Identification and functional analysis of AvLACS genes unveils their role in lipid homeostasis and waterlogging tolerance in kiwifruit (Actinidia valvata Dunn)

Meijuan Zhang¹Kaiyu Ye²Jianyou Gao²Shibiao Liu³Ruonan Liu^2,3Yuexing Chen¹Qian Zhao¹Yushan Lei¹Jiewei Li²Cuixia Liu^2*Faming Wang²

• ¹Shangluo University, Shangluo, China
• ²Guangxi Key Laboratory of Plant Functional Phytochemicals and Sustainable Utilization, Guangxi Institute of Botany, Guangxi Zhuang Autonomous Region and Chinese Academy of Sciences, Guilin, China
• ³College of Biological Resources and Environmental Sciences, Jishou University, Jishou, Hunan, China

Long-chain acyl-CoA synthetases (LACSs) are involved in fatty acid metabolism and catabolism by converting free fatty acids to acyl-CoAs. They are essential for initiating β-oxidation of fatty acids and regulating lipid biosynthesis in plant growth and development, as well as in plant adaptation to various environmental stresses, including waterlogging stress. However, systematic identification and functional characterization of the LACS gene family have not been comprehensively studied in the waterlogging-tolerant kiwifruit germplasm Actinidia valvata Dunn. In this study, 22 AvLACS genes were identified within the A. valvata genome. The AvLACS genes were subsequently divided into five clusters on the basis of their phylogenetic relationships, and similar subcellular localizations, exon-intron structures, motif compositions, and protein tertiary structures were found within each cluster. Collinearity analysis identified 22 duplicated gene pairs in A. valvata, and these pairs have undergone purifying selection during evolution. Cis-acting element analysis revealed numerous hormone-responsive and stress-responsive elements in the promoter regions of the AvLACS genes.

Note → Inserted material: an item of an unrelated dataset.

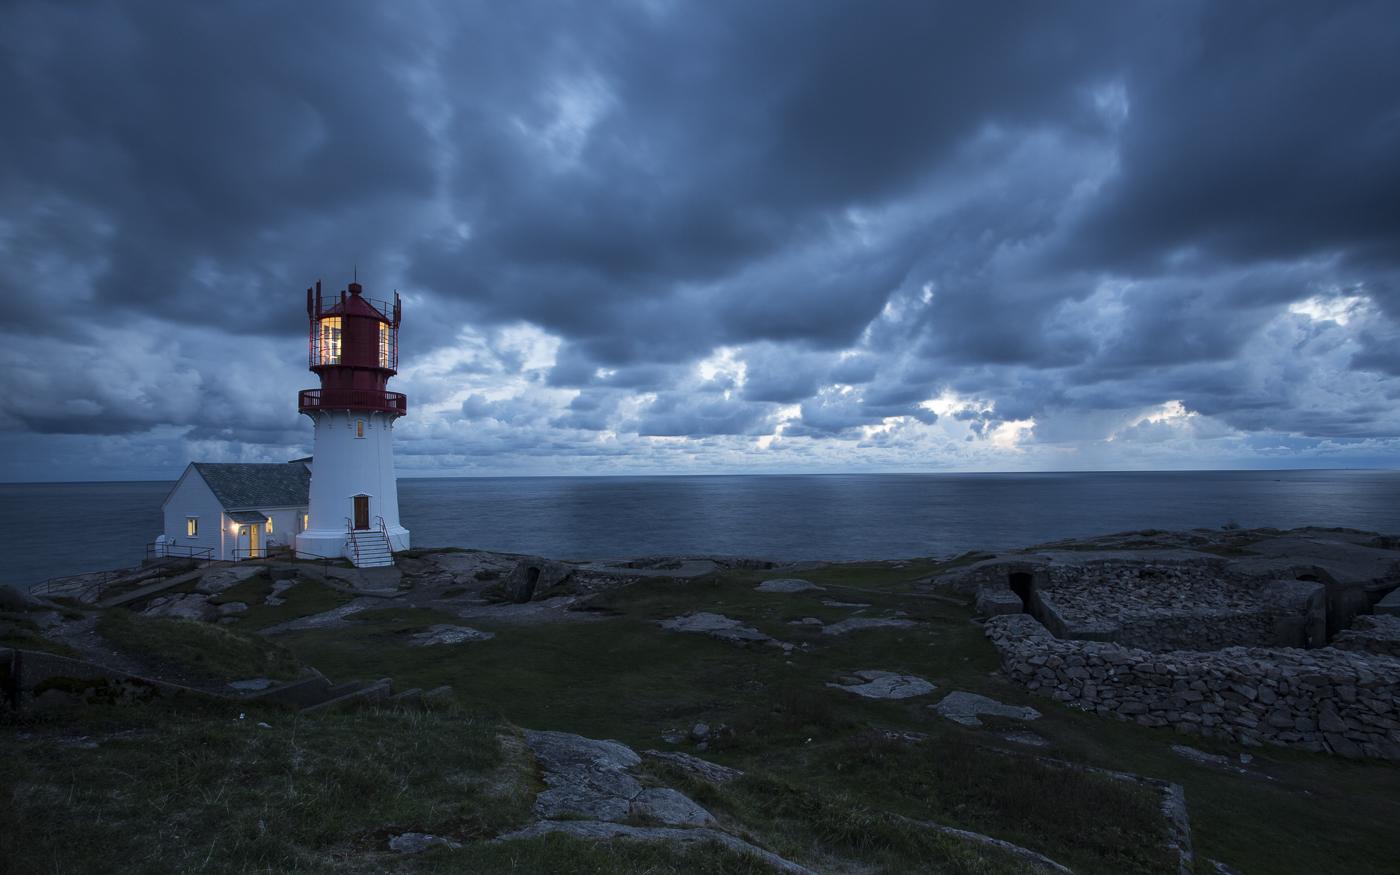 Landschaftsfotografie-Lighthouse-Weite

The expression levels of the AvLACS genes under waterlogging stress were determined using quantitative real-time PCR (qRT-PCR), and the results showed that the expression of the AvLACS1.1a/b, AvLACS1.2a, and AvLACS6a/b was significantly upregulated under waterlogging stress. Notably, AvLACS1.1a/b and AvLACS1.2a primarily facilitate short-term regulation of wax and triacylglycerol (TAG) synthesis, whereas AvLACS6a/b mediate TAG degradation through fatty acid β-oxidation during prolonged waterlogging. Transcriptome data revealed coordinated transcriptional regulation of TAG degradation pathway genes, which was supported by biochemical lipid profiling showing dynamic alterations in TAG content and degree of unsaturation correlated with waterlogging duration. These integrated molecular and biochemical data provide mechanistic insights highlighting distinct and coordinated roles of AvLACSs in lipid metabolic remodeling under waterlogging stress. These findings advance our understanding of the molecular mechanisms underlying waterlogging tolerance, and provide molecular targets and a theoretical basis for breeding waterlogging-tolerant kiwifruit and other crops.